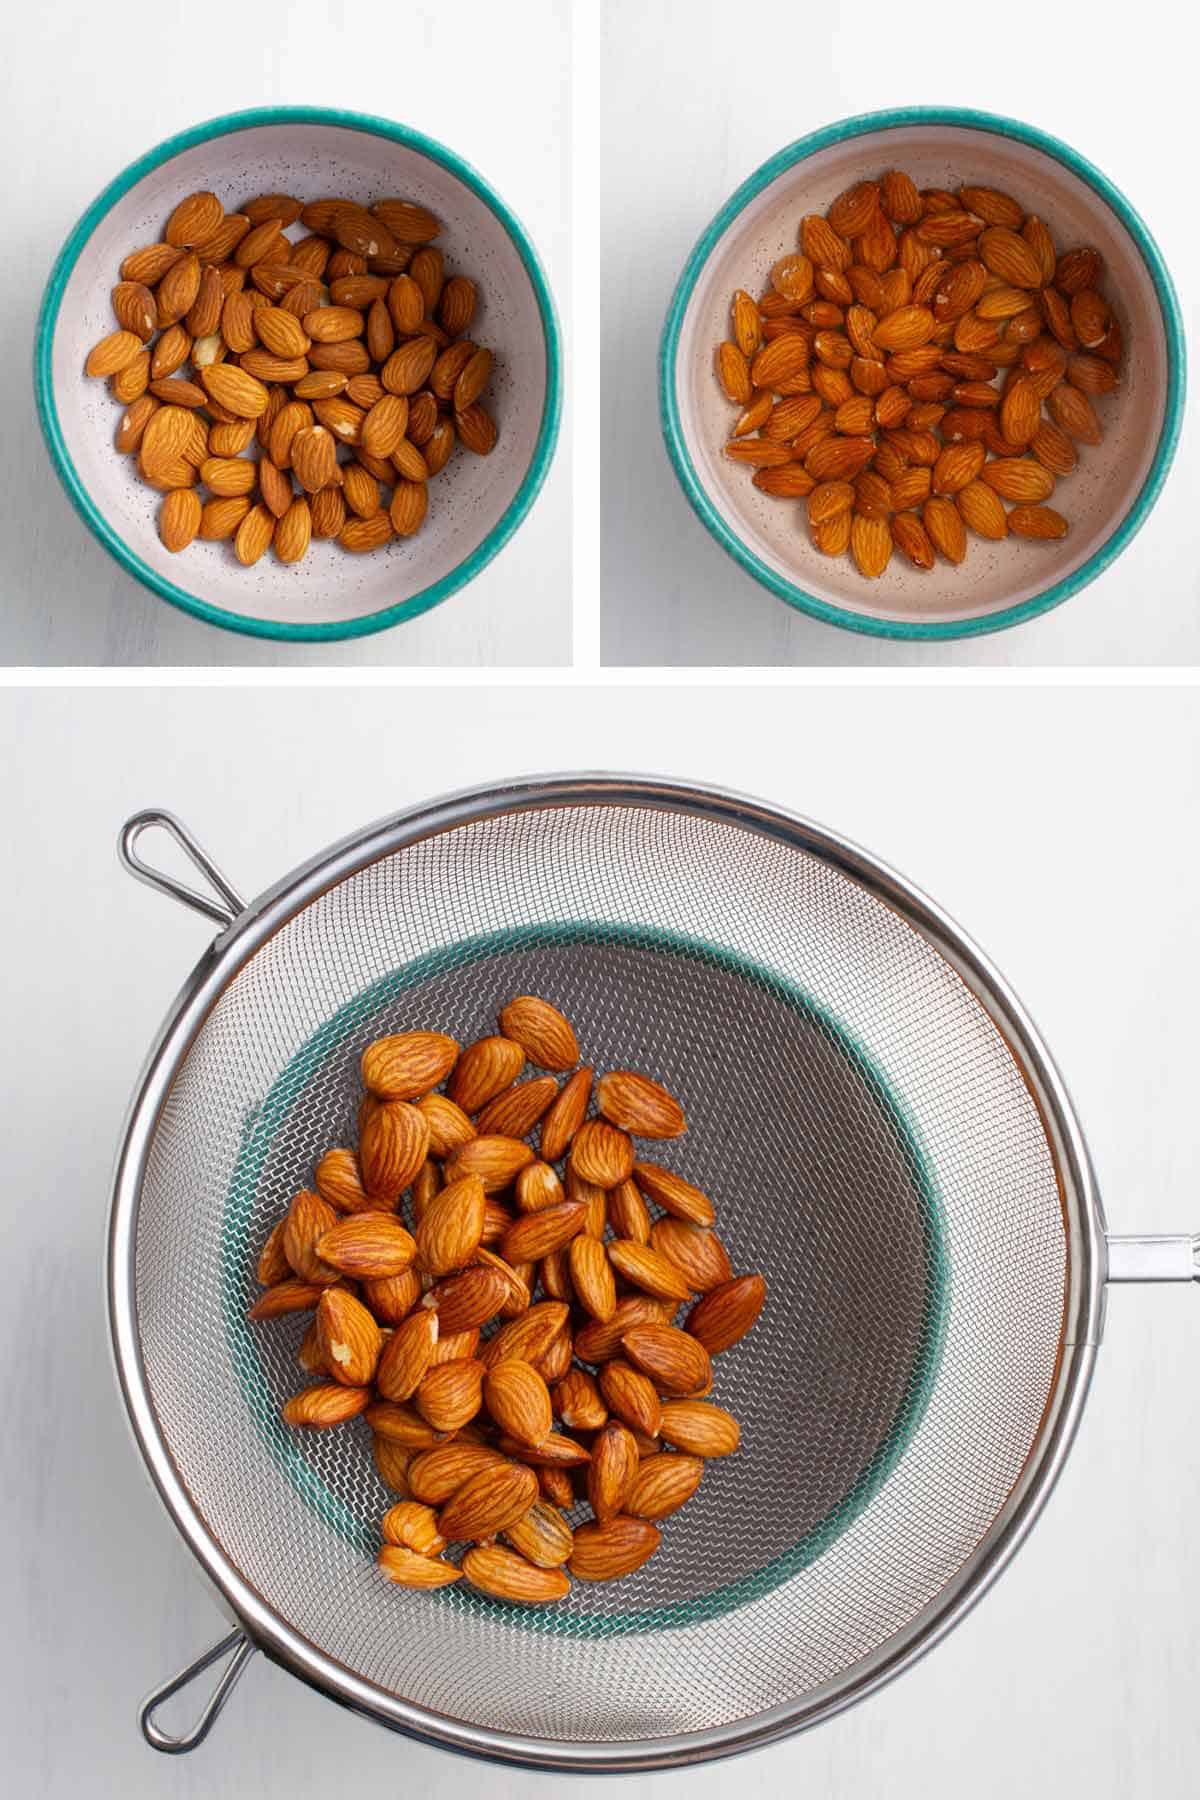 Bowl of almonds, bowl of almonds soaking in water, and soaked almonds being drained in a wire colander.
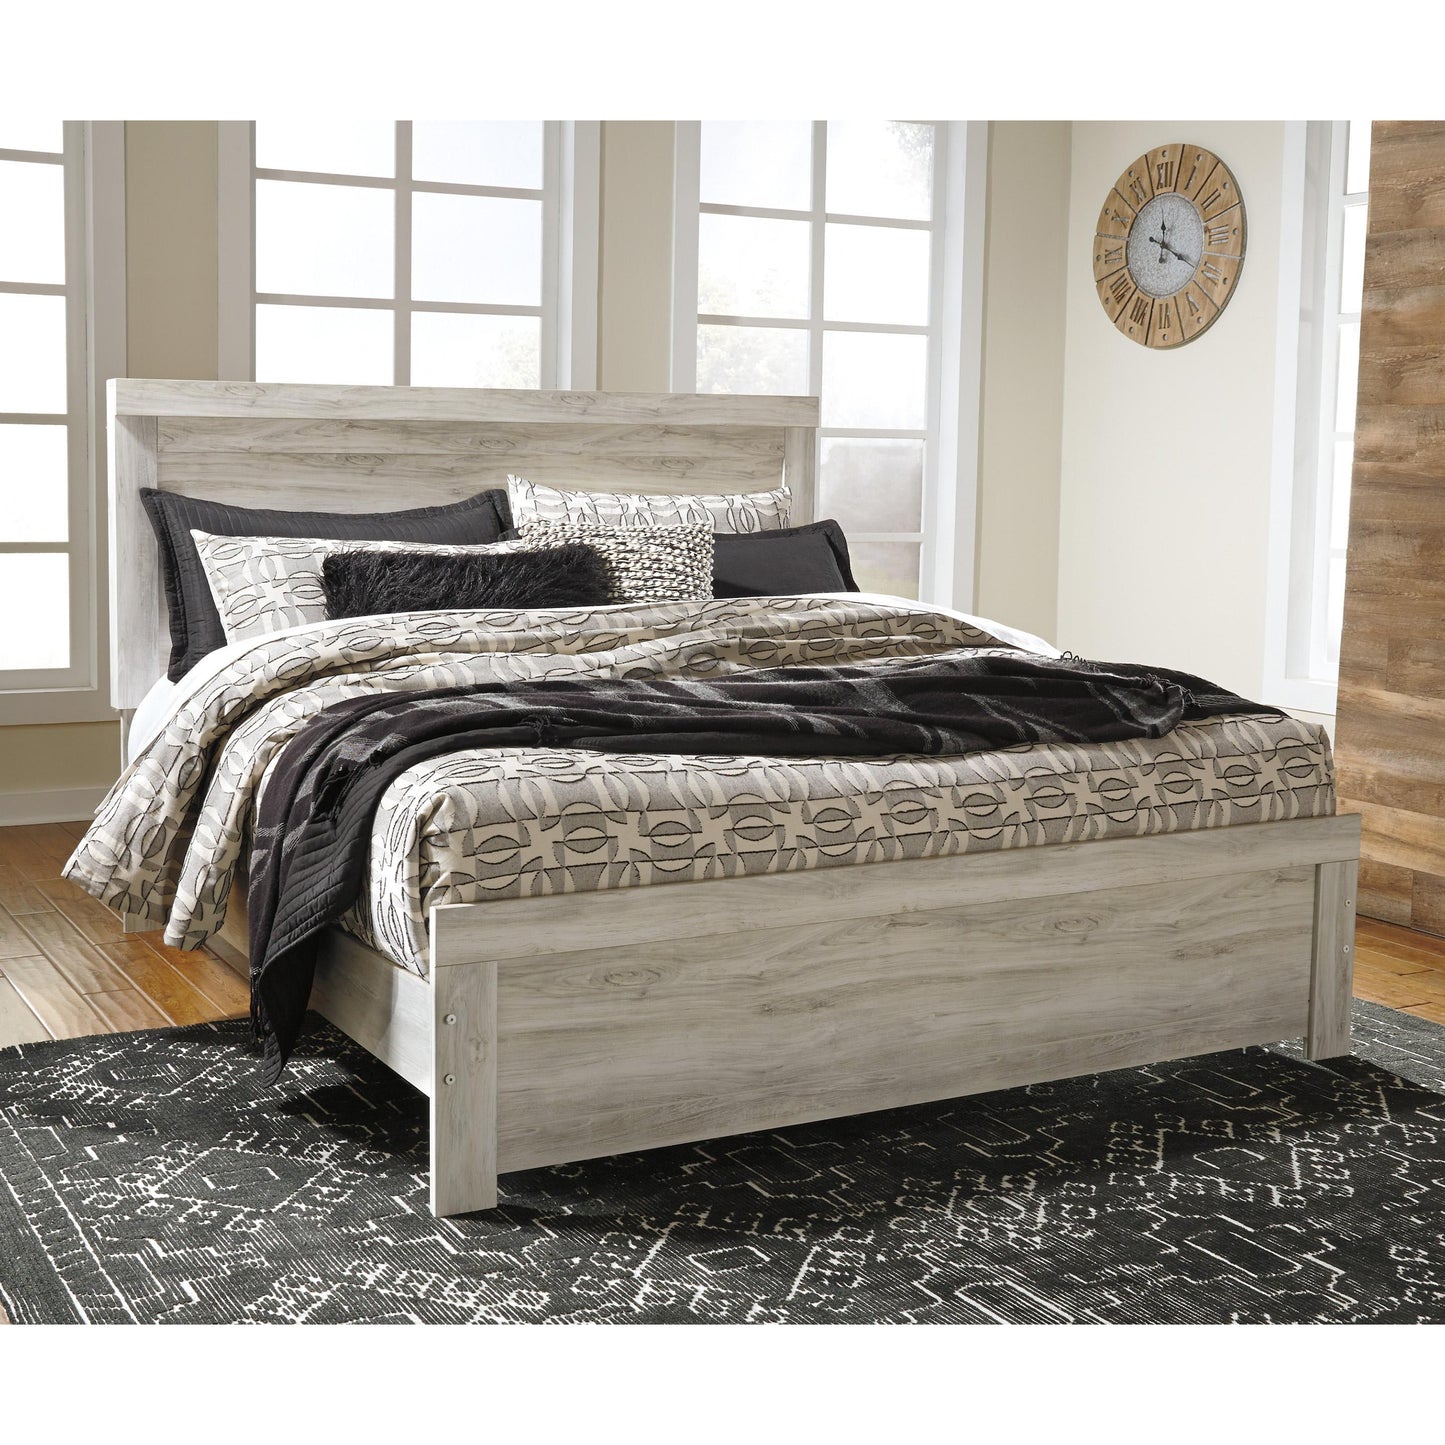 Signature Design by Ashley Bellaby King Panel Bed B331-58/B331-56/B331-97
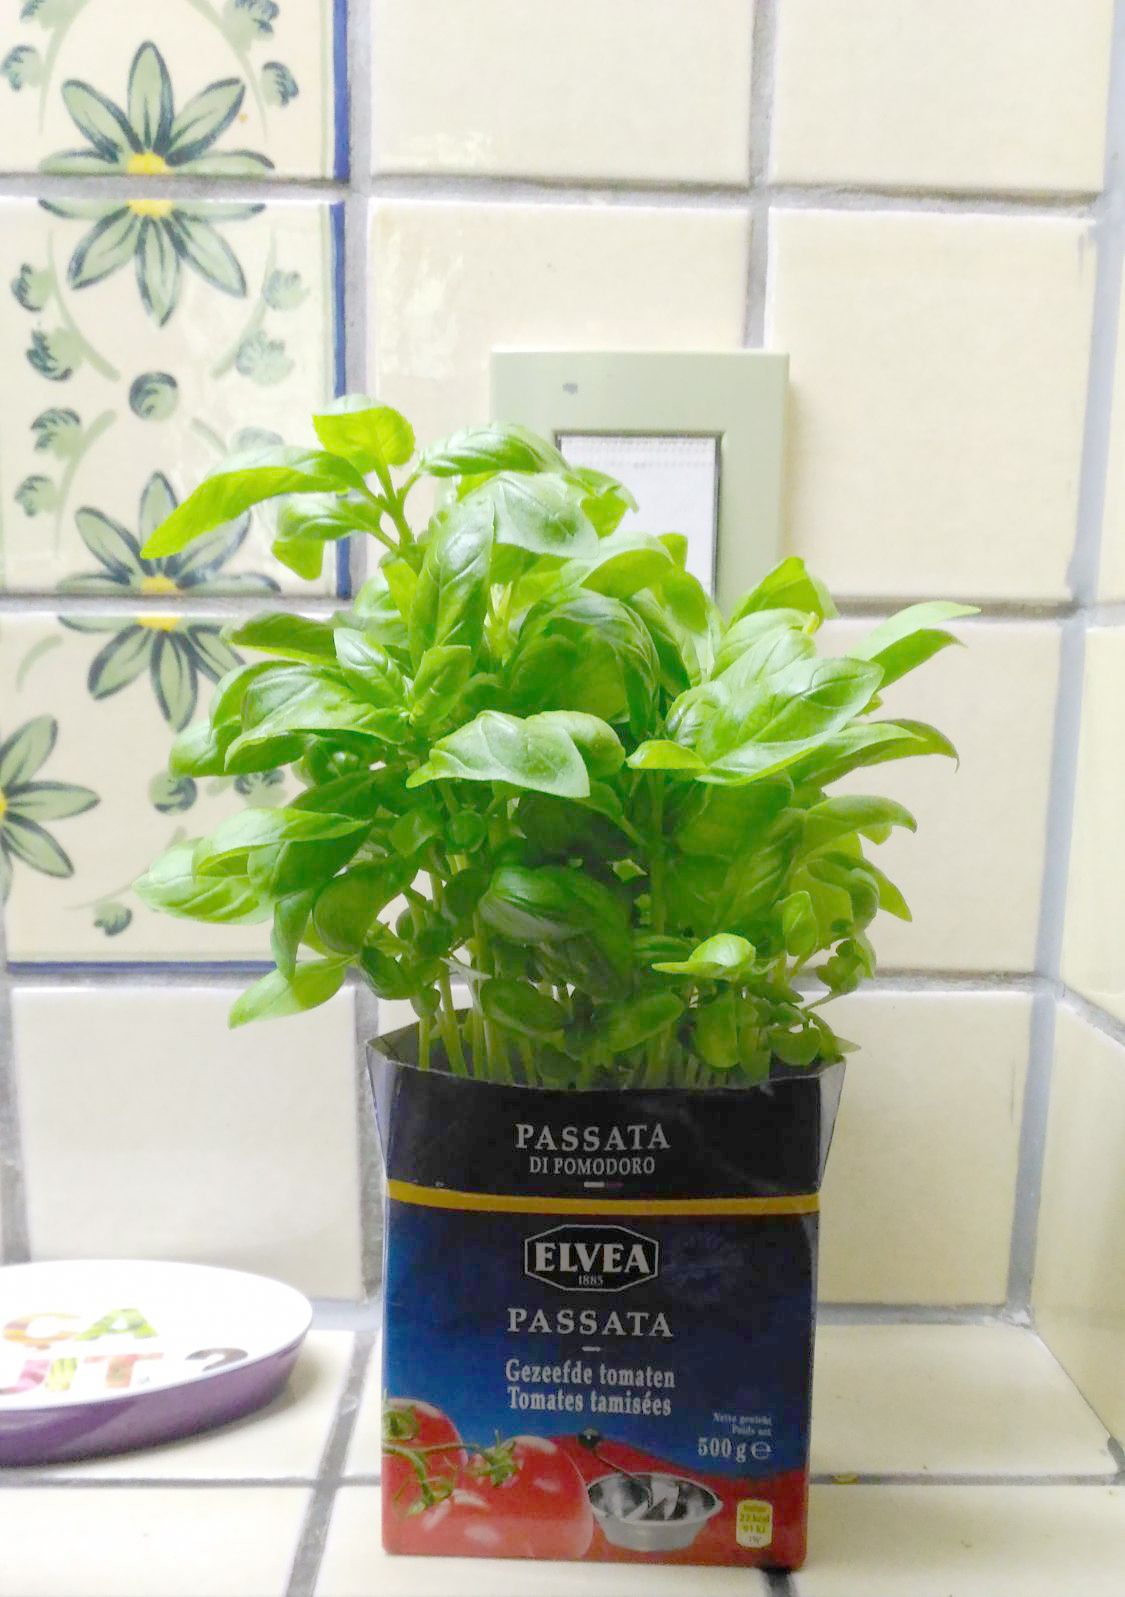 The ideal plant pot for my basil

**Work task**
When you retype the data above, match every line exactly and leave the pictures behind.

**Output of the exercise**
 Bowl of almonds, bowl of almonds soaking in water, and soaked almonds being drained in a wire colander.
 Signature Design by Ashley Bellaby King Panel Bed B331-58/B331-56/B331-97
 The ideal plant pot for my basil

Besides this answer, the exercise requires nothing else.